Anger isn’t always loud. Sometimes it’s a quiet rage under the surface — a tight jaw, a fake smile, a slammed cabinet door. And when you’ve been abused, anger gets confusing. You don’t know if you’re angry at them, at yourself, or at the world for letting it happen. You might even feel ashamed of your own reactions. But anger isn’t the problem, staying silent about it is.
1. What Anger Feels Like (Symptoms)
- Snapping at small things, then feeling guilty afterward
- Bottling it up until it explodes or leaks out sideways
- Feeling tense, restless, or constantly “on edge”
- Racing thoughts, wanting to yell, hit something, or just run away
- Feeling ashamed of how angry you’ve become
2. How Anger Affects You
Unprocessed anger turns into self-destruction. You might lash out at people who don’t deserve it, or worse, turn it inward. It affects your relationships, your health, your decision-making. It can also lead to impulsive behavior… quitting jobs, destroying property, walking out on people who actually care. And if you’ve been told to “calm down” or “be a man,” chances are you’ve been suppressing it for way too long.
3. Where Anger Comes From
Anger is a response to injustice, not just rage, but a signal that something is wrong. Abuse forces you to swallow your voice, to tolerate the intolerable. That pressure builds, and eventually, it demands release. Your anger isn’t bad. It’s a flare — telling you your boundaries have been violated for too long.
4. What You Can Do About Anger
- Acknowledge it. Say “I’m angry”, don’t sugarcoat it with “I’m just frustrated.”
- Write it out — then destroy it. Rage on paper is safer than rage in your life.
- Move your body. Exercise, punch a pillow, do pushups. Give it somewhere to go.
- Learn to separate rage from action. Just because you feel like breaking something doesn’t mean you have to.
- Channel it. Use your anger as fuel, to leave, to protect yourself, to rebuild.
5. What NOT to Do About Anger
- Don’t pretend you’re “fine”, fake calm doesn’t heal real hurt.
- Don’t numb it with alcohol, sex, violence, or self-harm,that’s gasoline on the fire.
- Don’t let your anger become your identity — you’re more than a walking warning label.
6. Why You Need to Face Anger
Left alone, anger rots. It becomes bitterness, resentment, even hate, and not just for others, but for yourself. But when faced and channeled, anger becomes power. It’s the spark that says, “I deserve better.” The fire that helps you fight back — wisely, not recklessly. You just have to control it before it controls you.

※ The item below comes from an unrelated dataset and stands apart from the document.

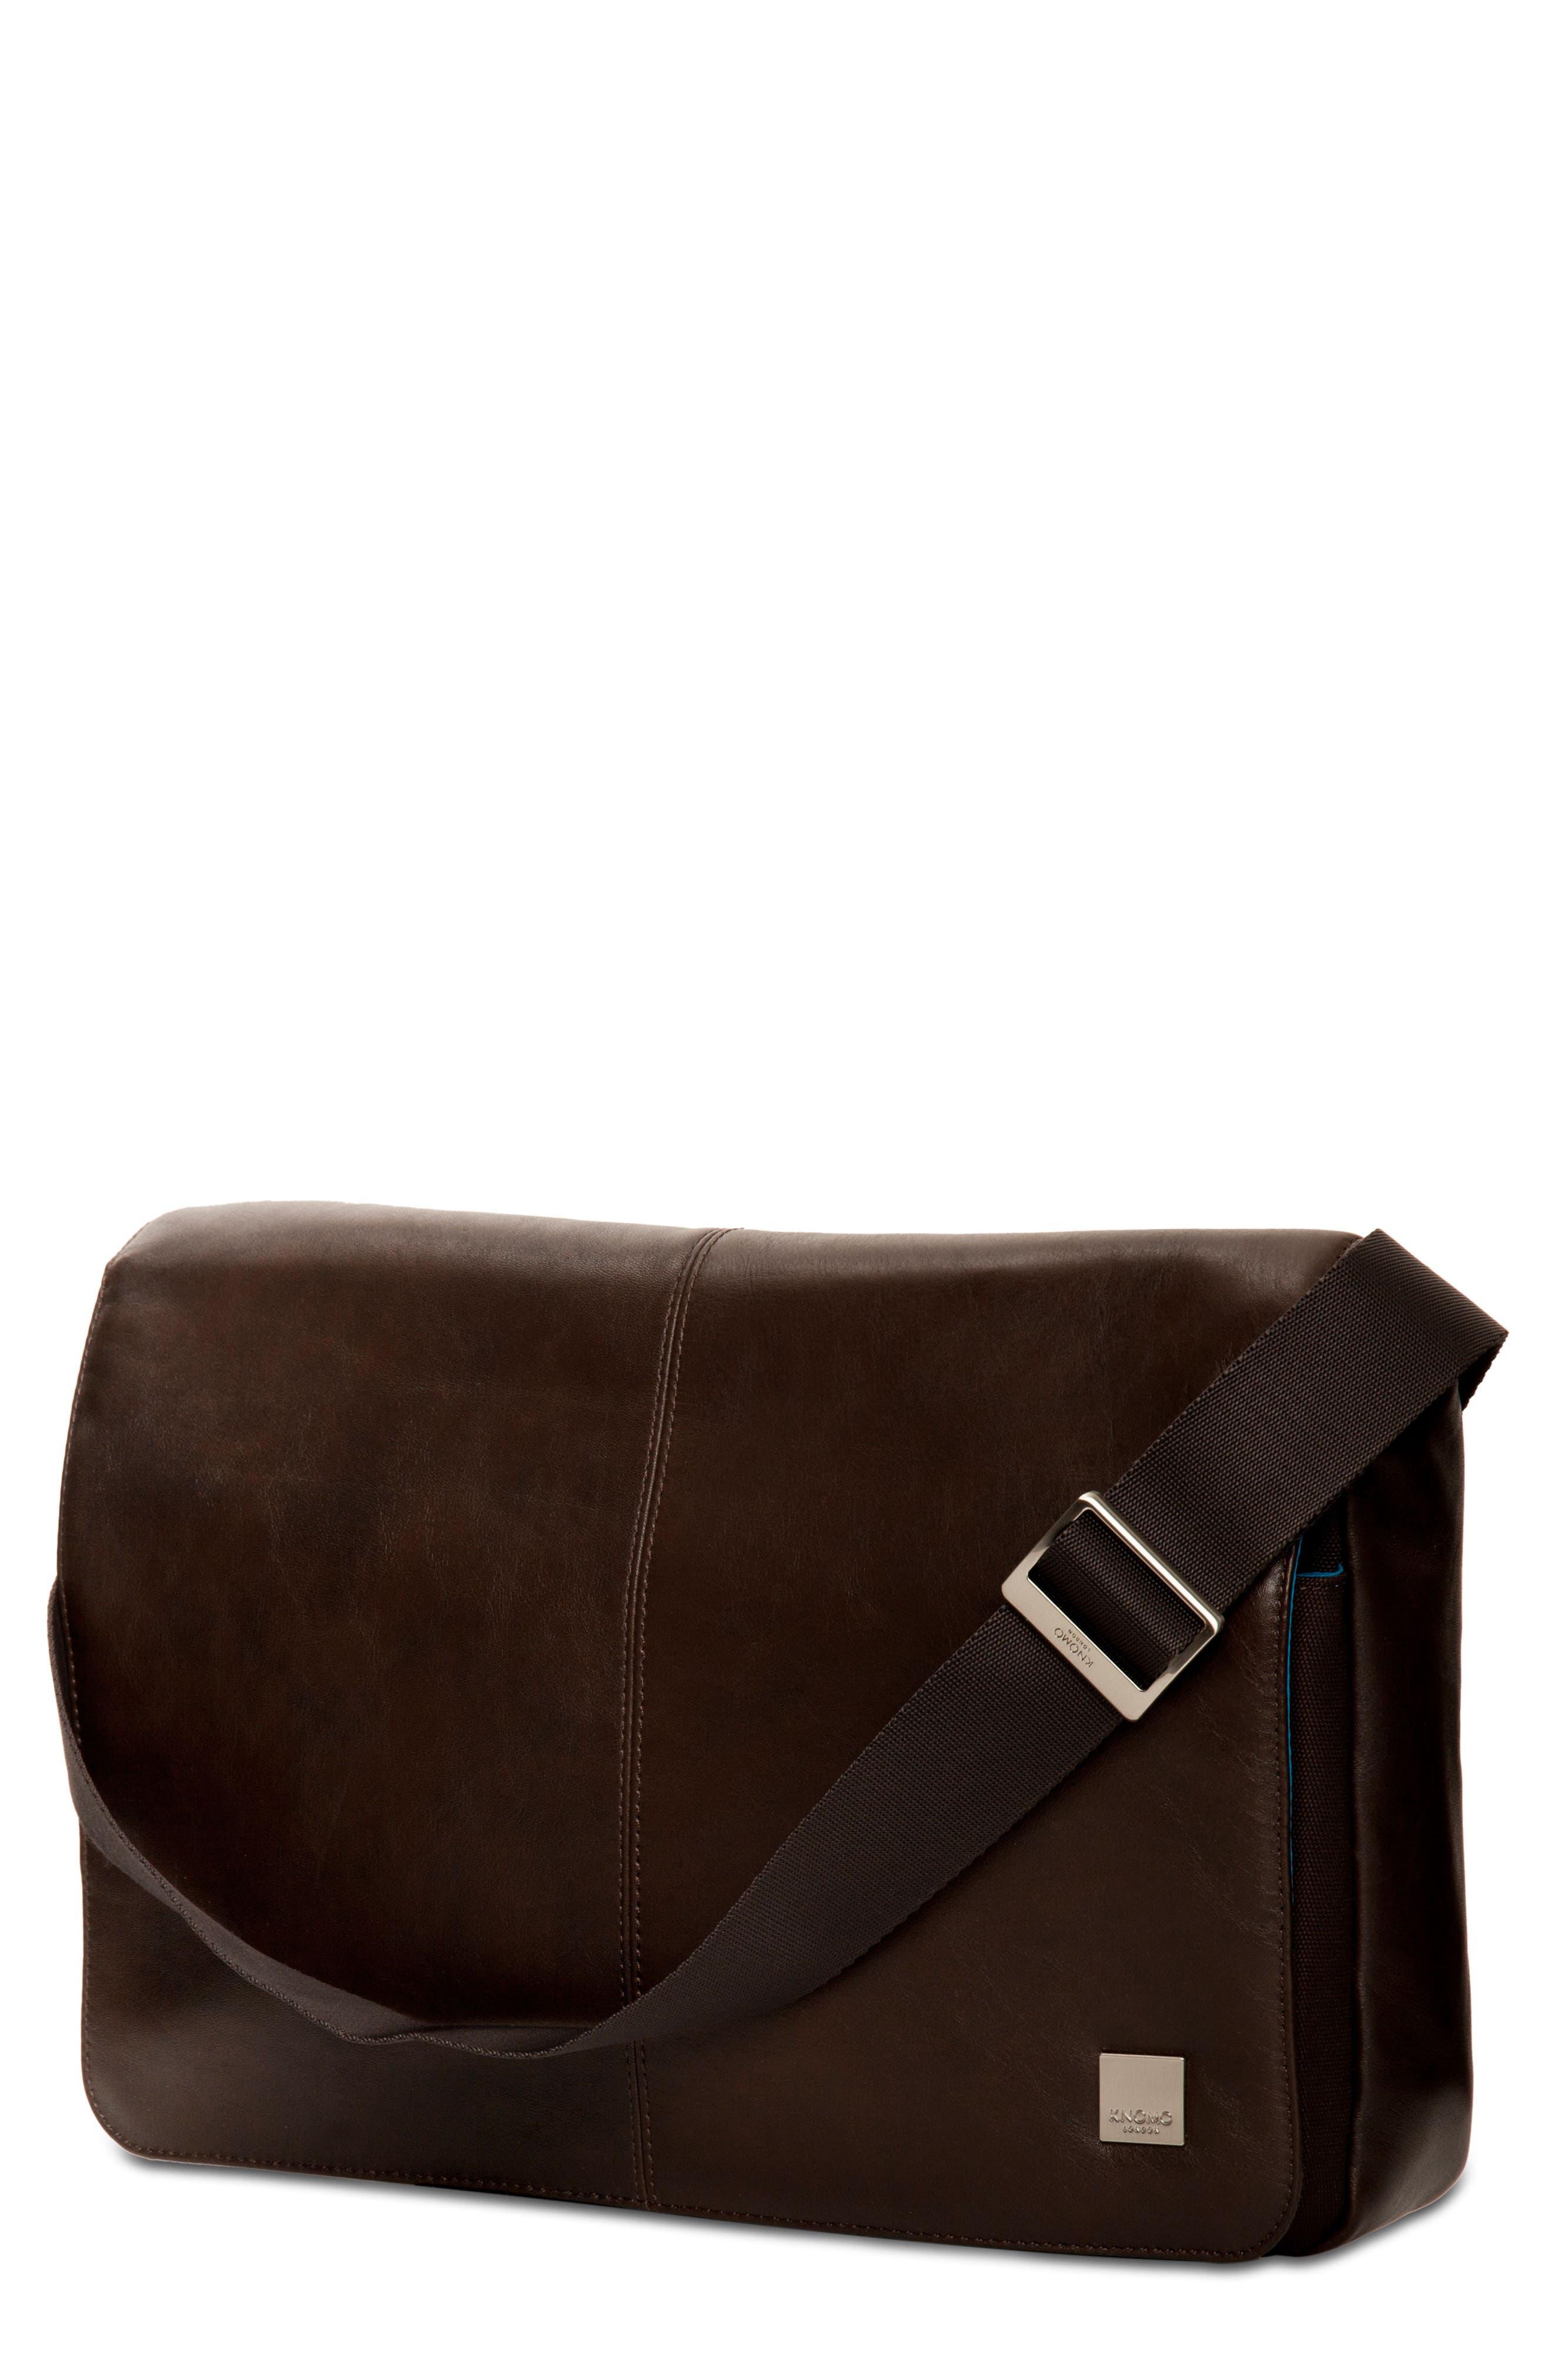 Main Image - KNOMO London Brompton Kinsale RFID Leather Messenger Bag

7. When to Ask for Help With Anger
If your anger scares you — or the people around you…
If you keep hurting people you actually care about…
If you feel like a ticking time bomb with no off switch…
Then it’s time to talk to someone.
Getting help for anger doesn’t mean you’re dangerous, it means you’re done letting rage run the show.
And no, punching drywall isn’t “therapy.” That’s just sore knuckles and a repair bill.
Brother’s Note
Anger isn’t your enemy. It’s the part of you that knows you deserve better.
But if you don’t learn to drive it, it’ll drive you — straight into regret.
Don’t be ashamed of the fire. Just build something with it.